What a good looking fish.
Love those big trout.


----------



## tyler0421 (Jan 10, 2008)

Just curious. What makes you think you lost a pound from putting the fish on ice? I have caught a lot of big trout and never had one lose a bunch of weight from putting it on ice.


----------



## OHenry (Apr 28, 2011)

*Nice Fish*

Great job and congrats on the win!


----------



## bbarton13 (May 4, 2009)

tyler0421 said:


> Just curious. What makes you think you lost a pound from putting the fish on ice? I have caught a lot of big trout and never had one lose a bunch of weight from putting it on ice.


Well it wasnt in a cooler it was inside my kayak for 8 hours in crappy fish bag. then sat in a line waiting to weigh in for over a hour. once all the slime is gone it def will lose weight. plus it shrank a inch too.


----------



## stauty trout (Jul 19, 2012)

bbarton13 said:


> Well it wasnt in a cooler it was inside my kayak for 8 hours in crappy fish bag. then sat in a line waiting to weigh in for over a hour. once all the slime is gone it def will lose weight. plus it shrank a inch too.


It was a great fish but I have a hard time believing it shrank a whole inch... or lost 15% of it's mass 

https://tpwd.texas.gov/publications/pwdpubs/media/mds_coastal/Series 2_MDS15.pdf

Good catch though... lot of good trout caught this weekend over there


----------



## bbarton13 (May 4, 2009)

stauty trout said:


> It was a great fish but I have a hard time believing it shrank a whole inch... or lost 15% of it's mass
> 
> http://tpwd.texas.gov/publications/pwdpubs/media/mds_coastal/Series 2_MDS15.pdf
> 
> Good catch though... lot of good trout caught this weekend over there


not sure if it shrank a whole inch but it was close. it was a hair from 26inches with tail pinched when i measured fresh out the water. After being curled up on barely much ice for 8 hours then the weighmaster un curled it the best he could he said 25inches. like i said i assumed it was around 6.5lbs fresh dripping wet. glad to you everyone is so concerned about it lol. thats why i dont post on here much anymore. fish lose weight on ice and can shrink. thats a fact. ive fished enough kill tourneys to know that.


----------



## stauty trout (Jul 19, 2012)

bbarton13 said:


> not sure if it shrank a whole inch but it was close. it was a hair from 26inches with tail pinched when i measured fresh out the water. After being curled up on barely much ice for 8 hours then the weighmaster un curled it the best he could he said 25inches. like i said i assumed it was around 6.5lbs fresh dripping wet. glad to you everyone is so concerned about it lol. thats why i dont post on here much anymore.
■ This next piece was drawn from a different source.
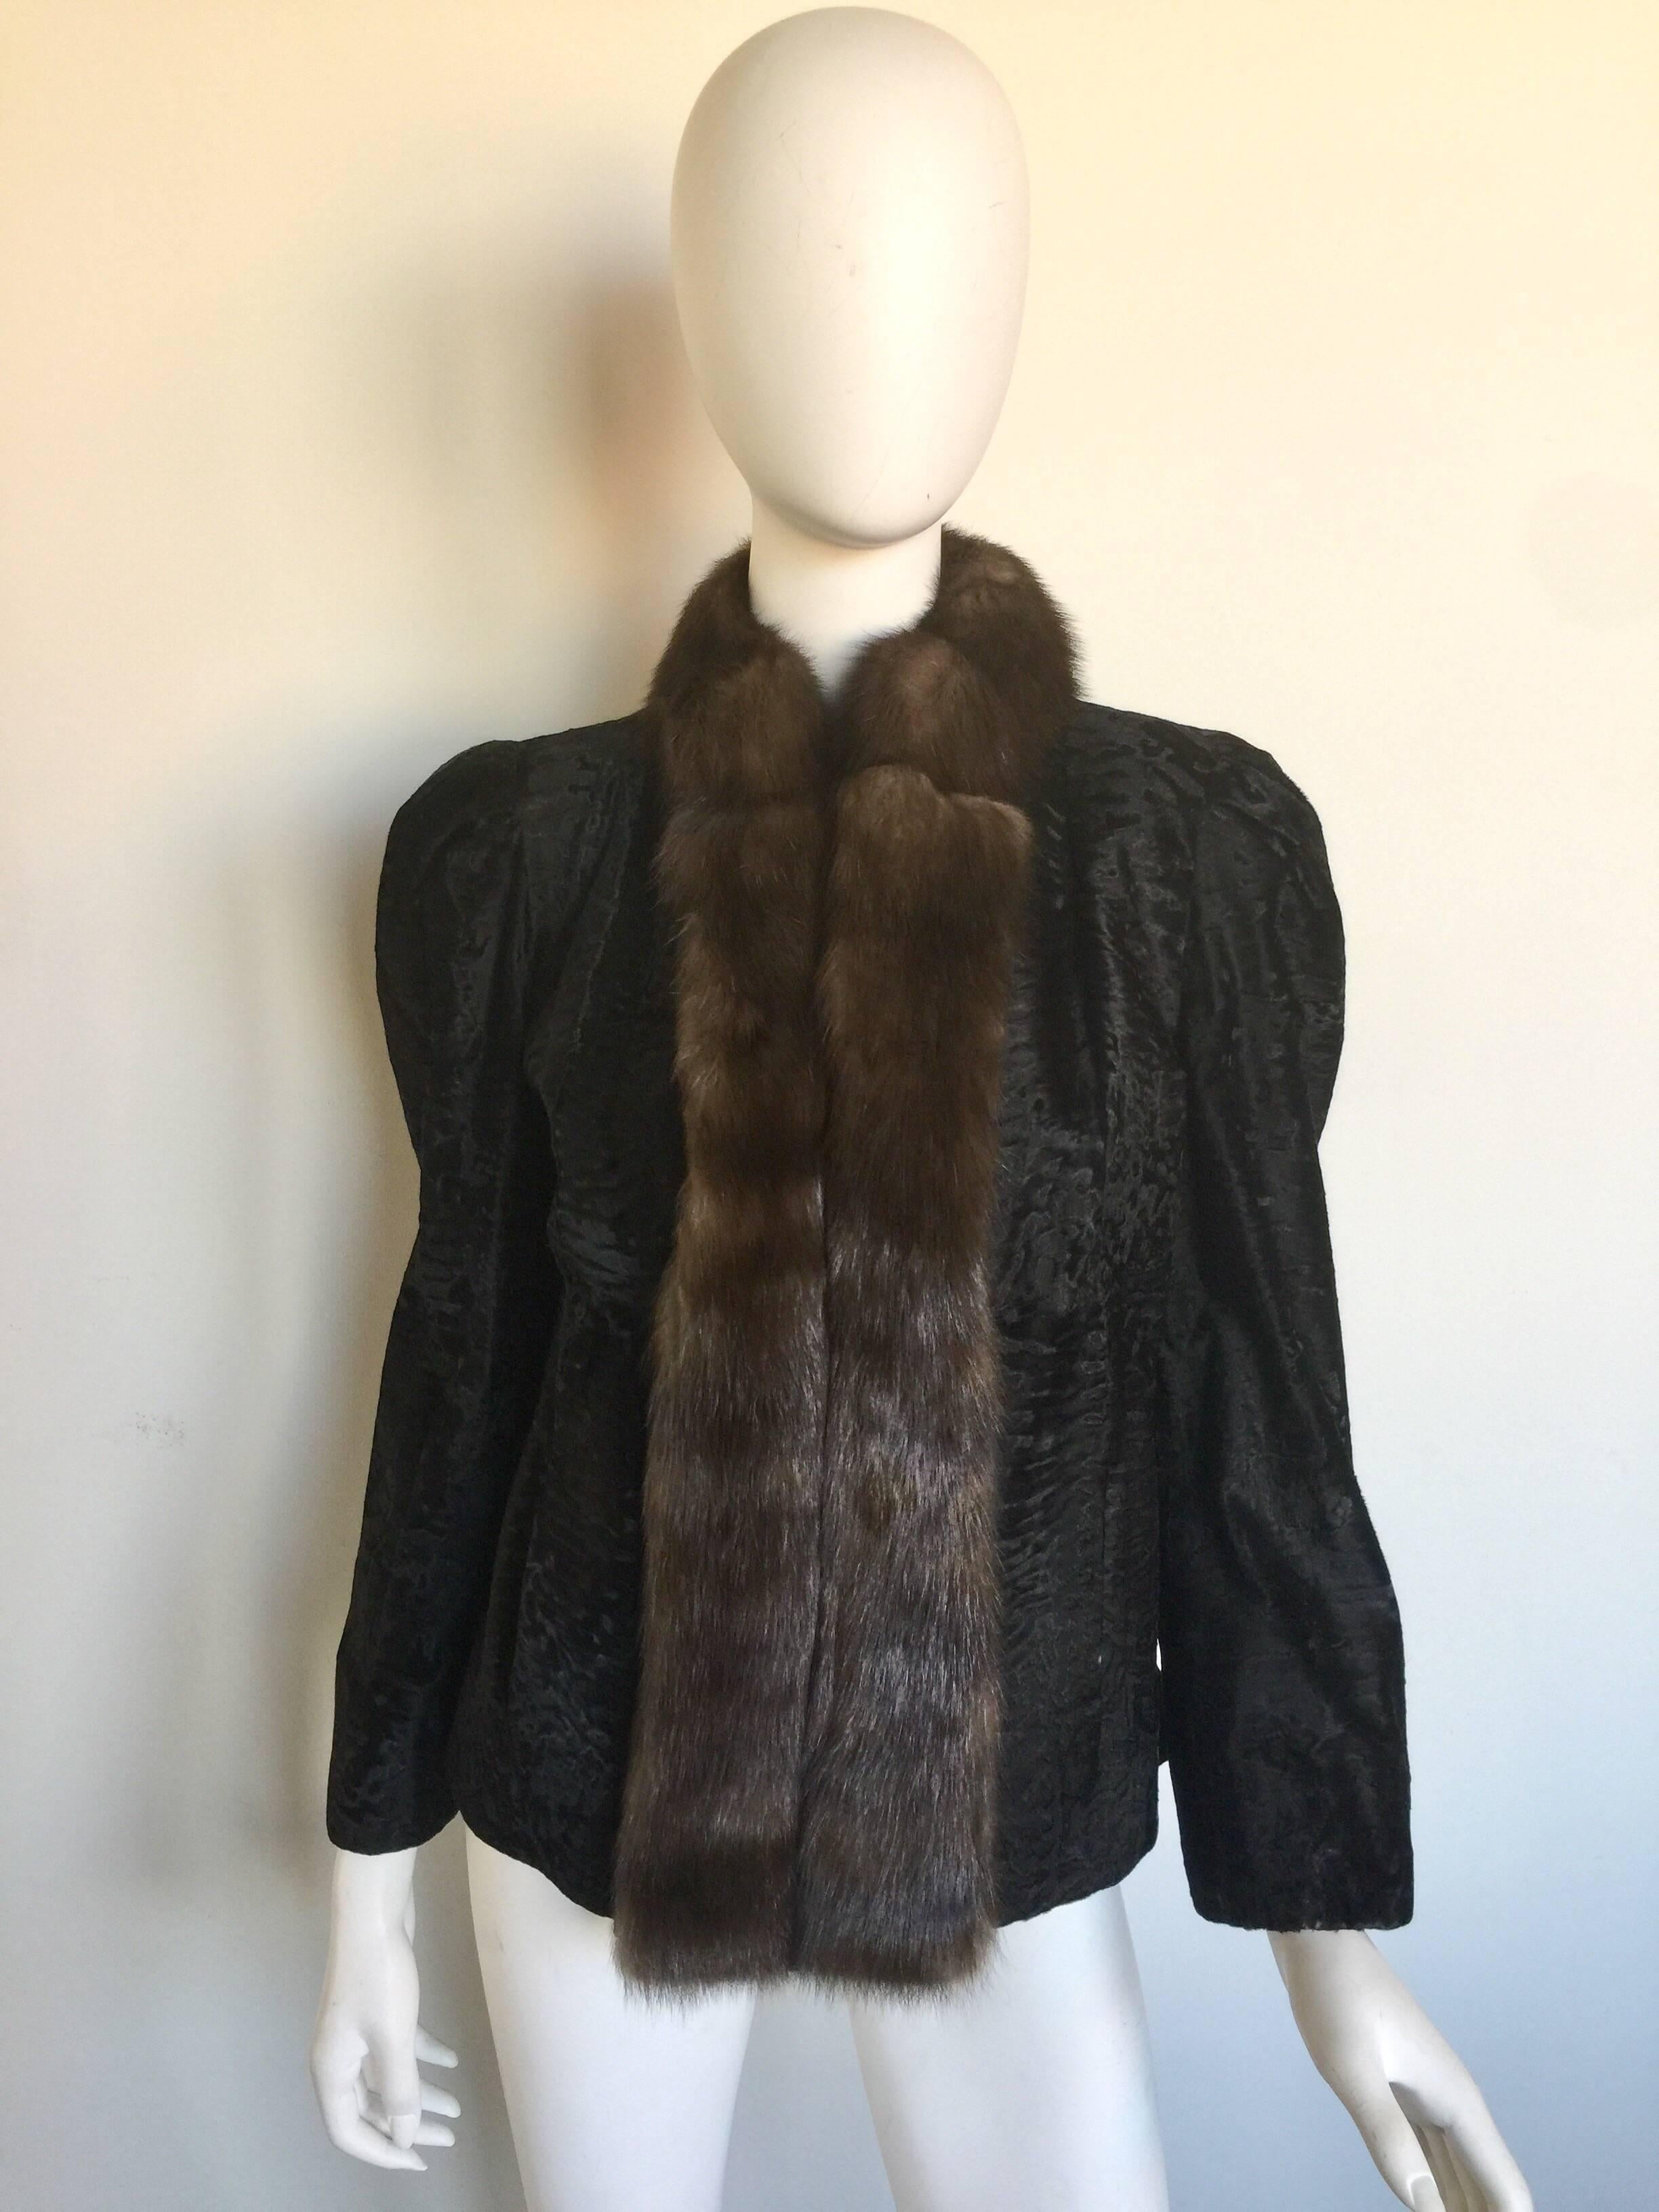 This jacket has a black broadtail lamb exterior embossed with a faint pattern. The front of the coat has a brown female mink fur lapel and collar. The coat is fully lined and has two front hidden pockets. The jacket has a hook enclosure and gathered
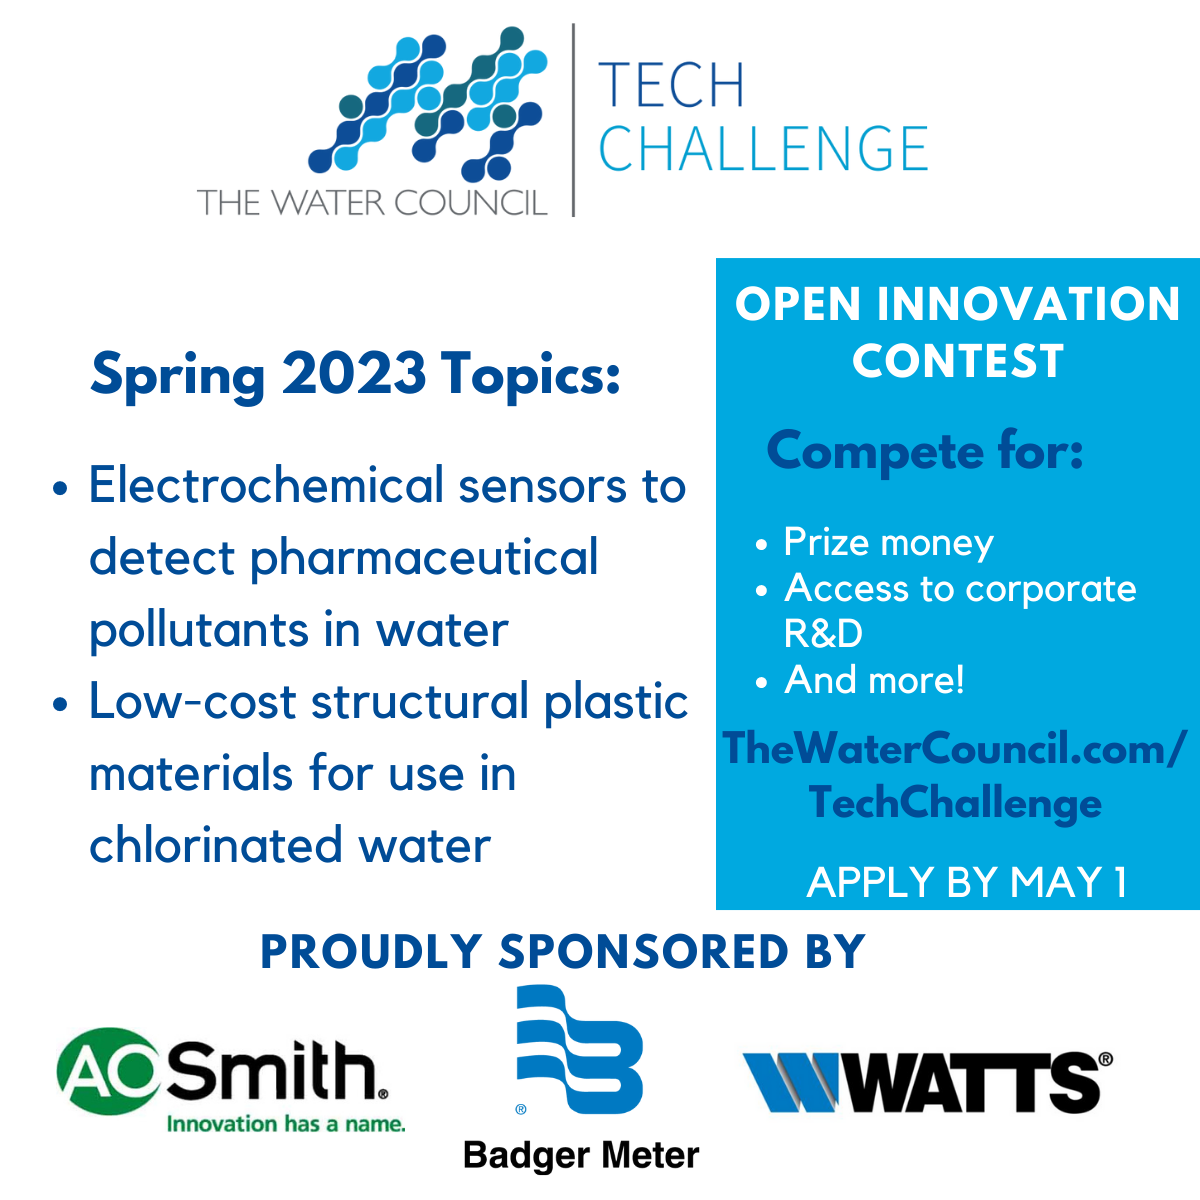 Do you know any solvers/solutions for the spring challenge topics? If so, please share or consider applying. Applications accepted through May 1...

I'm not concerned with it I was just giving an opinion on why I didn't think it could've shrank that much with a research paper to back it... like I said good fish/catch ain't no reason to try and say it was bigger than it *officially* was.....:thumbsup: I mean you got 1st place lol


----------



## bbarton13 (May 4, 2009)

stauty trout said:


> I'm not concerned with it I was just giving an opinion on why I didn't think it could've shrank that much with a research paper to back it... like I said good fish/catch ain't no reason to try and say it was bigger than it *officially* was.....:thumbsup: I mean you got 1st place lol


i bet that fish in the research paper wasnt curled up in a crappy fish bag inside a hot kayak for 8 hours. thanks for the input tho:thumbup:


----------



## stauty trout (Jul 19, 2012)

bbarton13 said:


> i bet that fish in the research paper wasnt curled up in a crappy fish bag inside a hot kayak for 8 hours. thanks for the input tho:thumbup:


probably not, but not sure it would really matter 

gubberment agencies say you should allow 1/8" of shrinkage for every 10" of fish.... so you'd need you an 80" trout to lose an inch off of her... :shifty:

that weigh in line was ridiculous BTW... I waited for 3 hours


----------



## bbarton13 (May 4, 2009)

stauty trout said:


> probably not, but not sure it would really matter
> 
> gubberment agencies say you should allow 1/8" of shrinkage for every 10" of fish.... so you'd need you an 80" trout to lose an inch off of her... :shifty:
> 
> that weigh in line was ridiculous BTW... I waited for 3 hours


nah barely any ice in the hot kayak wouldn't dehydrate a fish making it lose weight..or standing in line for a hour or 3..:whistling:

but no worries your right tho i still got first place trout...:001_tongue:


----------



## stauty trout (Jul 19, 2012)

bbarton13 said:


> nah no ice in the hot kayak wouldn't dehydrate a fish making it lose weight..or standing in line for a hour or 3..:whistling:
> 
> but no worries you right i still got first place trout...:001_tongue:




Now I never said it wouldn't.... I actually said it would just not to the extreme you're describing... But congrats (again) on your PB 5.7# trout... Now you gotta break the 6# mark :001_tongue:


----------



## bbarton13 (May 4, 2009)

stauty trout said:


> Now I never said it wouldn't.... I actually said it would just not to the extreme you're describing... But congrats (again) on your PB 5.7# trout... Now you gotta break the 6# mark :001_tongue:


well....it was actually 5.67lbs i rounded up


----------



## stauty trout (Jul 19, 2012)

bbarton13 said:


> well....it was actually 5.67lbs i rounded up




Lol there ya go


----------



## barefoot (Nov 3, 2011)

bbarton13 said:


> ...glad to you everyone is so concerned about it lol. thats why i dont post on here much anymore. fish lose weight on ice and can shrink. thats a fact. ive fished enough kill tourneys to know that.


 Barton, I feel you man!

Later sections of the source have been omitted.